MATERIAL PROVIDED: Begin
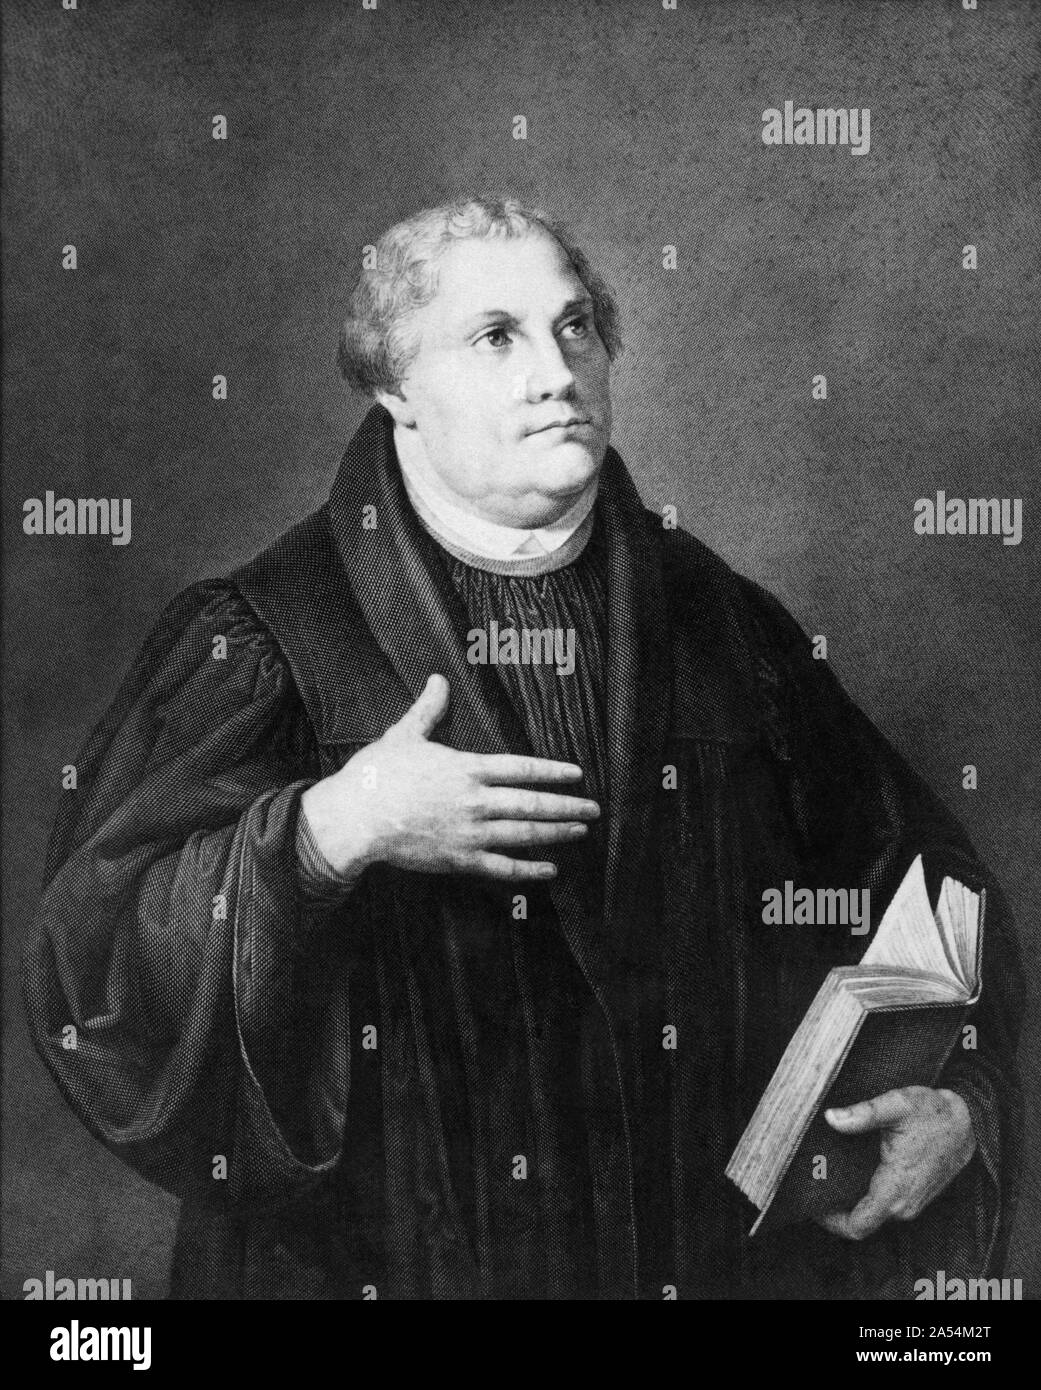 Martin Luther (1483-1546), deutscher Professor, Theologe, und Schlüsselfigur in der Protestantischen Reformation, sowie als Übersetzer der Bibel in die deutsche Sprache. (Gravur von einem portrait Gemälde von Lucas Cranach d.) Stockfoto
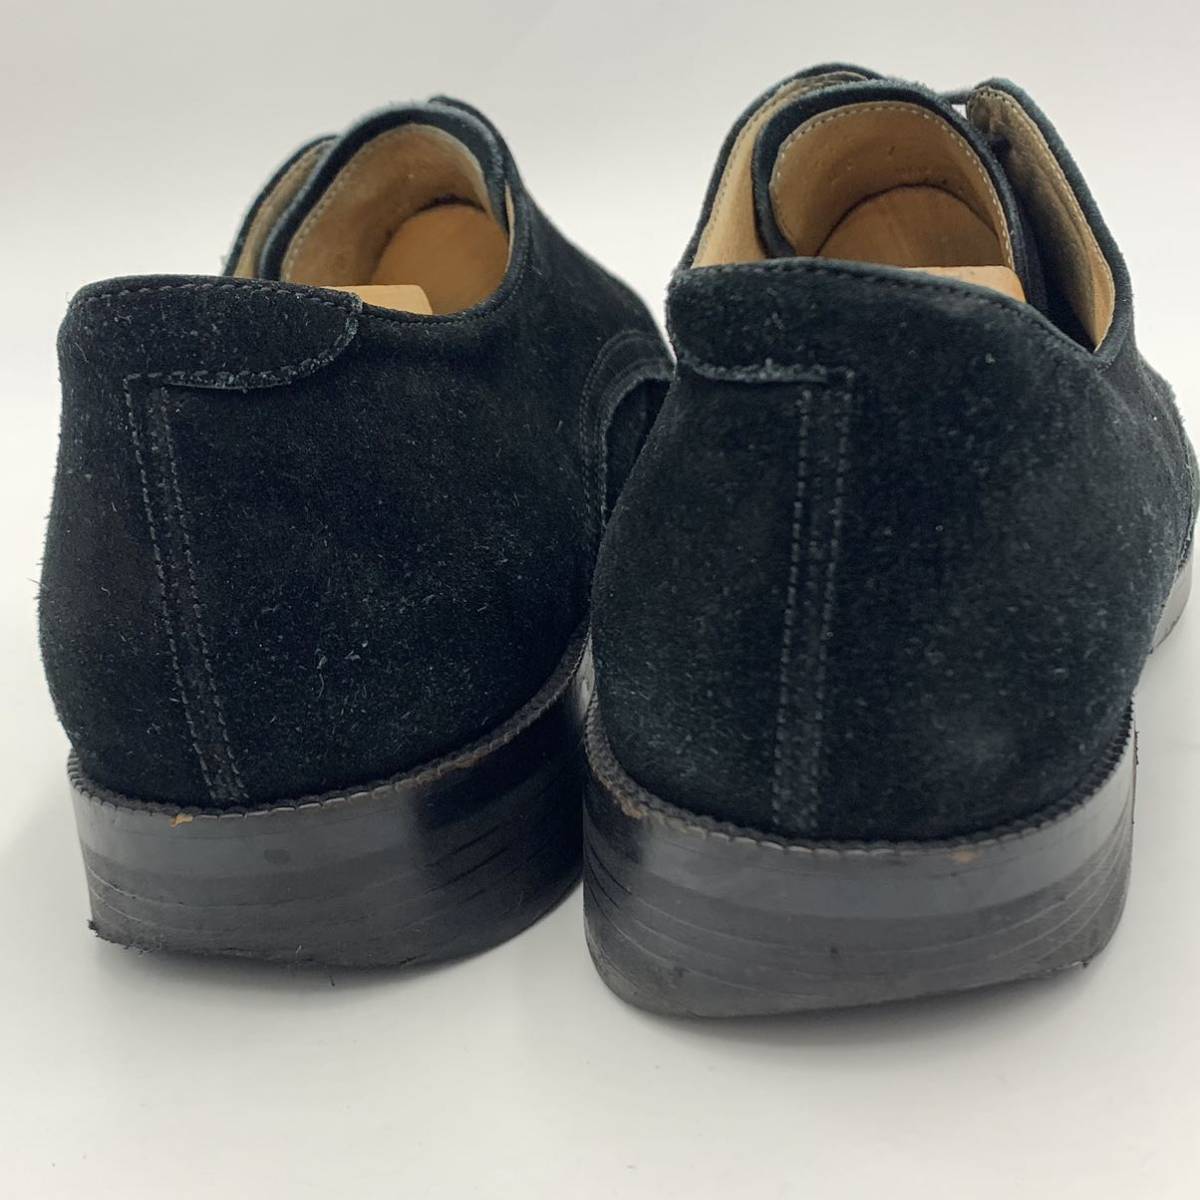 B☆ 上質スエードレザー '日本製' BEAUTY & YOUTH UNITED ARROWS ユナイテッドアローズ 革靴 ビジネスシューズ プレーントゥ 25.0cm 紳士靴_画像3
MATERIAL PROVIDED: End
MATERIAL PROVIDED: Begin
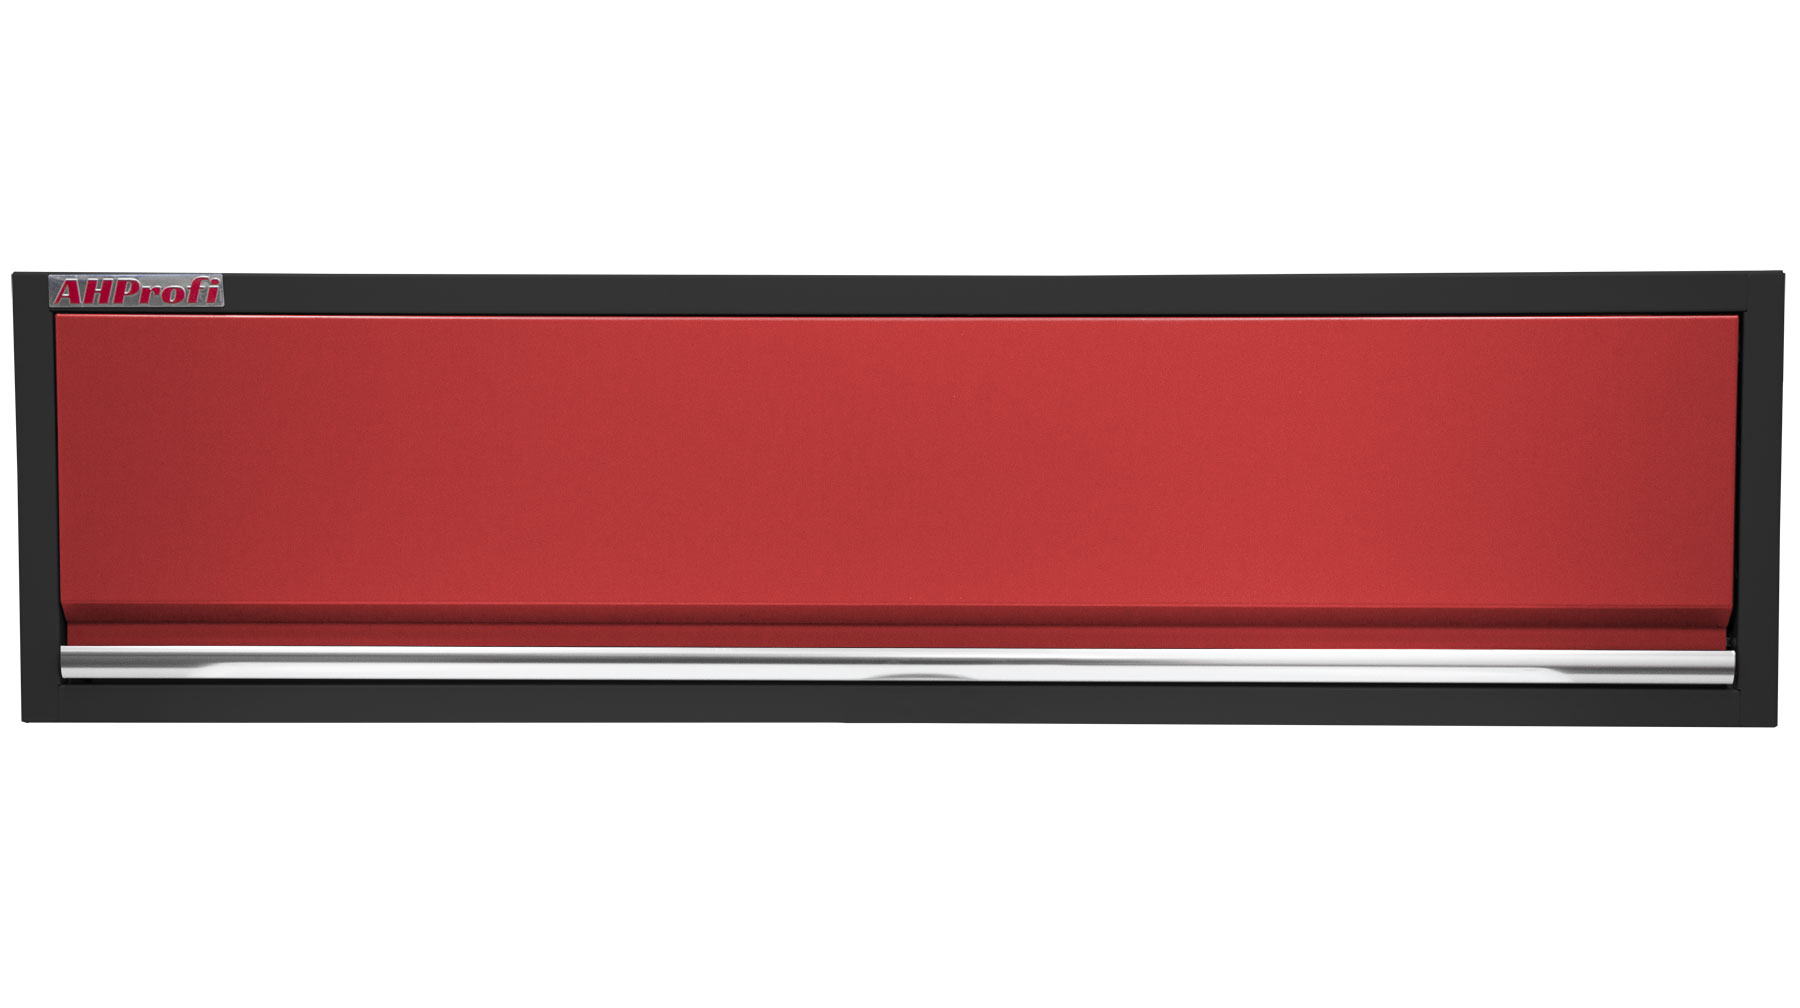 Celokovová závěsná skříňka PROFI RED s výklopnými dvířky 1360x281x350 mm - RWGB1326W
MATERIAL PROVIDED: End
MATERIAL PROVIDED: Begin
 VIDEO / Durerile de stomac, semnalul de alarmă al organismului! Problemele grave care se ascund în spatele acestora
MATERIAL PROVIDED: End
§ WORK TO BE COMPLETED: A word-for-word reproduction is needed of the lines above from the line containing "Martin Luther (1483-1546), deutscher" through the line containing "B☆ 上質スエードレザー '日本製'", with both ends kept and no pictures.

§ RESULT OF THIS TASK:
 Martin Luther (1483-1546), deutscher Professor, Theologe, und Schlüsselfigur in der Protestantischen Reformation, sowie als Übersetzer der Bibel in die deutsche Sprache. (Gravur von einem portrait Gemälde von Lucas Cranach d.) Stockfoto
 B☆ 上質スエードレザー '日本製' BEAUTY & YOUTH UNITED ARROWS ユナイテッドアローズ 革靴 ビジネスシューズ プレーントゥ 25.0cm 紳士靴_画像3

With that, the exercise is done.